- Born: June 19, 1925 Paterson, New Jersey, USA
- Died: January 26, 2008 (aged 82) Pasadena, California, USA
- Education: Georgia Institute of Technology New York University
- Relatives: Joseph Keller (brother)
- Scientific career
- Institutions: Sarah Lawrence College Washington Square College New York University United States Atomic Energy Commission California Institute of Technology
- Thesis: On Systems of Linear Ordinary Differential Equations with Applications to Ionospheric Propagation (1954)
- Doctoral advisor: Wilhelm Magnus Joseph Keller
- Doctoral students: James Keener

= Herbert Keller =

American mathematician (1925–2008)

Herbert Bishop Keller (19 June 1925 in Paterson, New Jersey – 26 January 2008 in Pasadena, California) was an American applied mathematician and numerical analyst. He was professor of applied mathematics, emeritus, at the California Institute of Technology.

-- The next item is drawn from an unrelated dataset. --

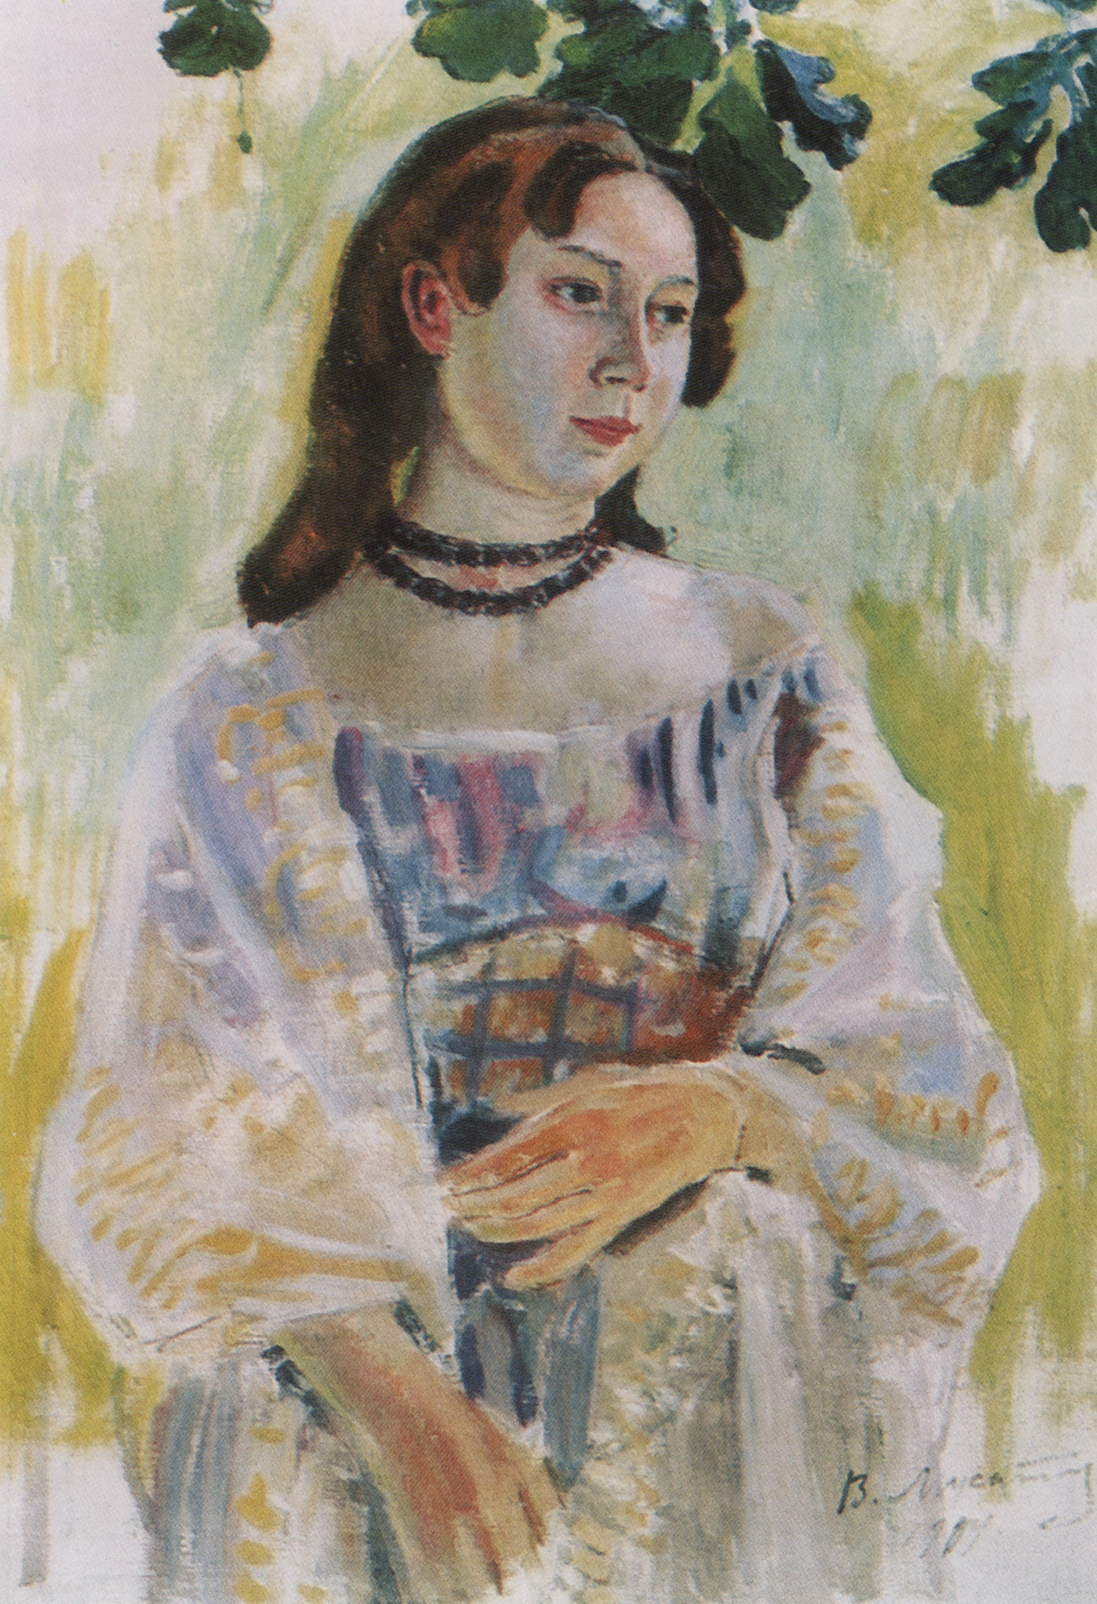 Борисов-Мусатов. Девушка в ожерелье. 1904

==Early life and education==
Keller graduated from the Georgia Institute of Technology with a bachelor's in electrical engineering in 1945; and from New York University, later known as the Courant Institute, with a Ph.D. in 1954.

==Career==
A Fellow of the American Academy of Arts and Sciences, Keller was known for his contributions to the field of applied mathematics and numerical analysis including bifurcation theory, computational fluid dynamics (CFD), and scientific computing. He is the co-author, with Eugene Isaacson, of the classic textbook Analysis of Numerical Methods, which is still in use in leading graduate programs in applied mathematics.
It is interesting to observe that the first letters of each sentence in the Preface spell "Down With Computers And Their Lackeys."
He served as president of the Society for Industrial and Applied Mathematics (1974–1976).

Keller was a recipient of the Theodore von Kármán Prize of the Society for Industrial and Applied Mathematics in 1994. Herbert was the younger brother of applied mathematician Joseph B. Keller. Joseph Keller was also a co-advisor for Herbert's PhD thesis.

Keller was an avid bicyclist even at 82 years old. He died after his regular Saturday morning bike ride when he took a dip in a hot tub to relax his muscles, lost consciousness due to hyperthermia, and drowned.